Советские идеологи зачастую неадекватно оценивали изменения в массовом сознании. Они считали, что разного рода «негативные» настроения «являются своеобразной реакцией на ошибки, связанные с культом личности (это было близко к истине. — Ф.С.), а также недостатки, имеющие у нас место в некоторых областях хозяйственной жизни, особенно в сфере обслуживания», т. е. причины таких настроений сводили к «бытовому» уровню. В проблемах видели воздействие «враждебных социализму сил» из-за рубежа и «конфликтные ситуации в нашей экономике»[1374], но не изменения в социуме и массовом сознании.
Г.Л. Смирнов полагал, что причиной снижения приверженности «идеалам» было несоответствие советской реальности сложившимся с детства у многих молодых граждан СССР романтическим и идеалистическим установкам (приверженность «идеям равенства, свободы, утверждения справедливости во всем мире, своей причастности к общему делу»).
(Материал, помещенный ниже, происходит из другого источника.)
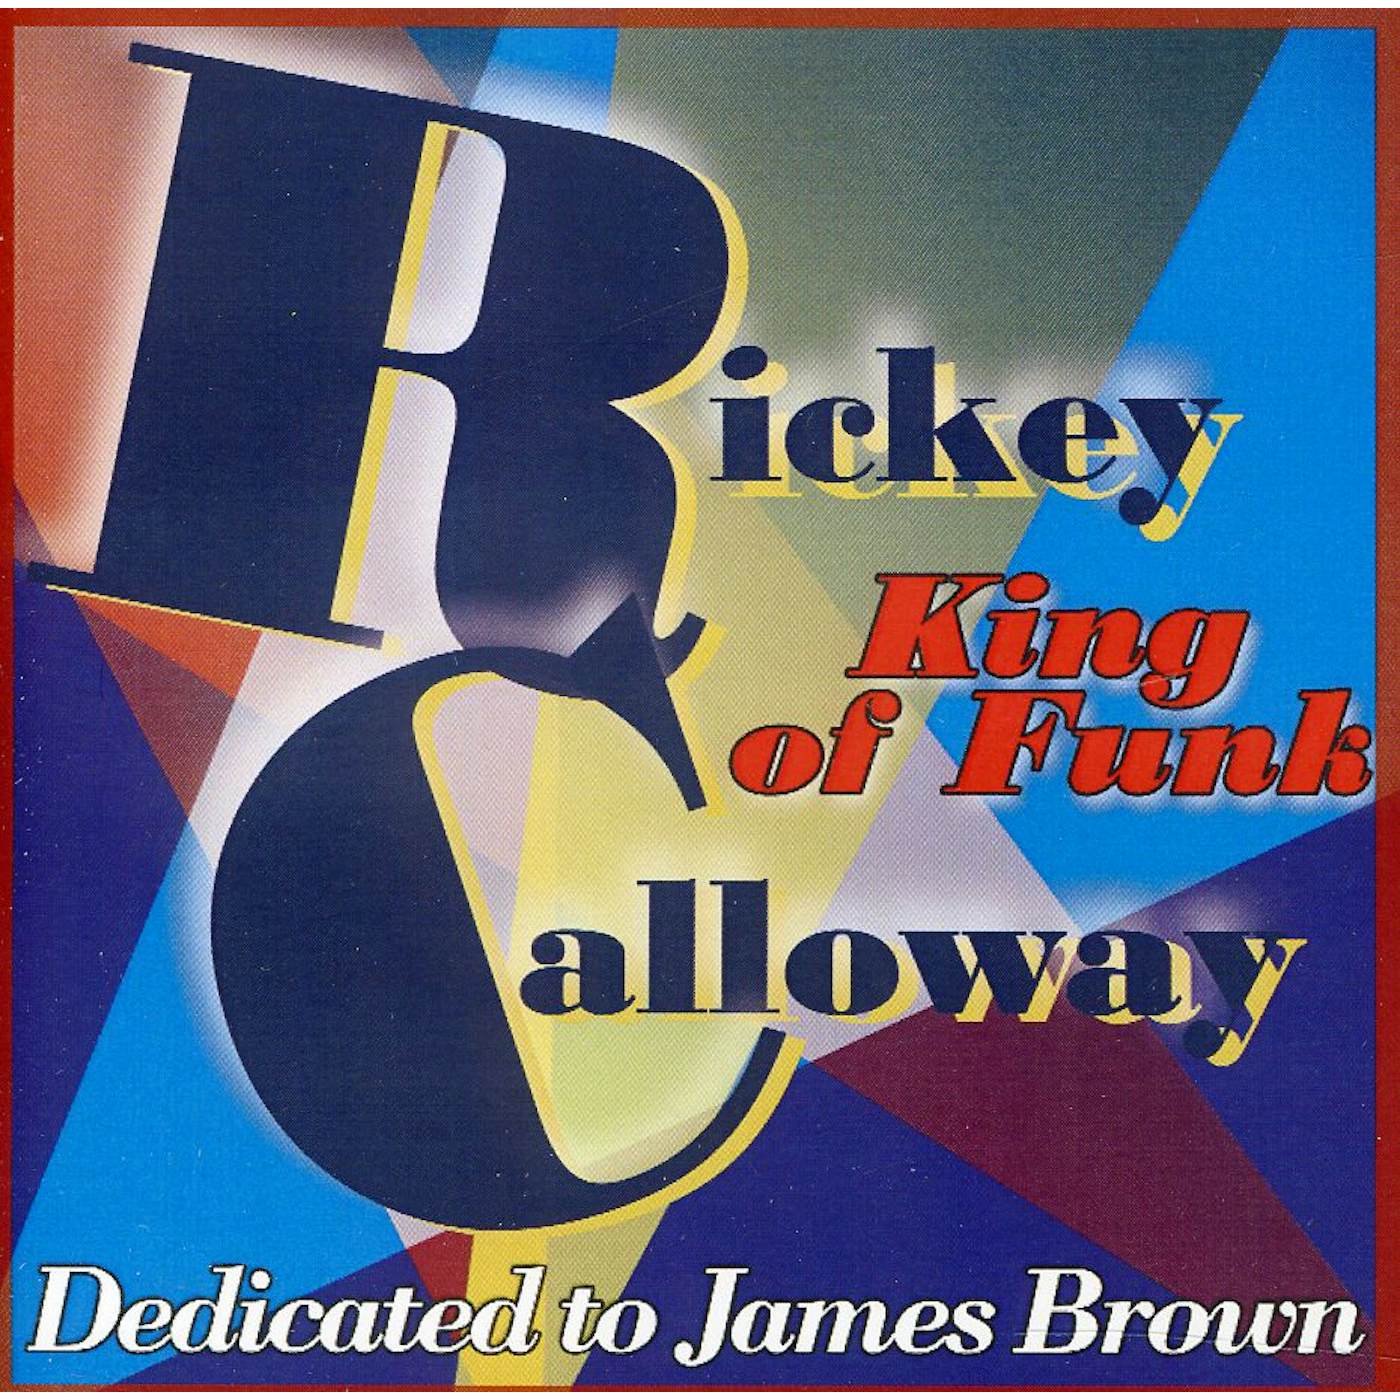 Rickey Calloway KING OF FUNK CD

Когда в повседневной жизни они сталкивались «с различного рода коллизиями, черствостью, оскорблениями достоинства личности, нечуткостью, бюрократизмом», у них возникал «конфликт между воззрениями и реальностью»[1375]. Это так, но были и существенные «идеологические» причины для таких изменений.
Причину «деидеологизации» интеллигенции идеологи видели в стремлении просто «уйти от сложности жизни, от классовых конфликтов, проблем войны и мира, политической борьбы, замкнуться в кругу профессиональных или личных интересов»[1376], а не выхолащивание, «выветривание» самой идеологии, ее несоответствие нуждам дня. Обвиняли людей, но не себя, не партию, не идеологию.
Власти СССР не воспринимали особенности психологии человека. Например, они считали недопустимой музыку, «проповедующую пессимизм, отчаяние, неверие в будущее»[1377]. С такими настроениями пытались бороться, без понимания, что они — часть нормы, которая, как и другие эмоции человека, находит свое выражение в творчестве. Руководство страны хотело видеть исключительно всеобщую радость и оптимизм, а в реальной жизни так не бывает.
Произведения, посвященные любви и другим переживаниям человека, идеологи обвиняли в «мелкотемье» и уводе граждан СССР «от важнейших процессов, происходящих в нашей стране». Так, в сентябре 1968 г.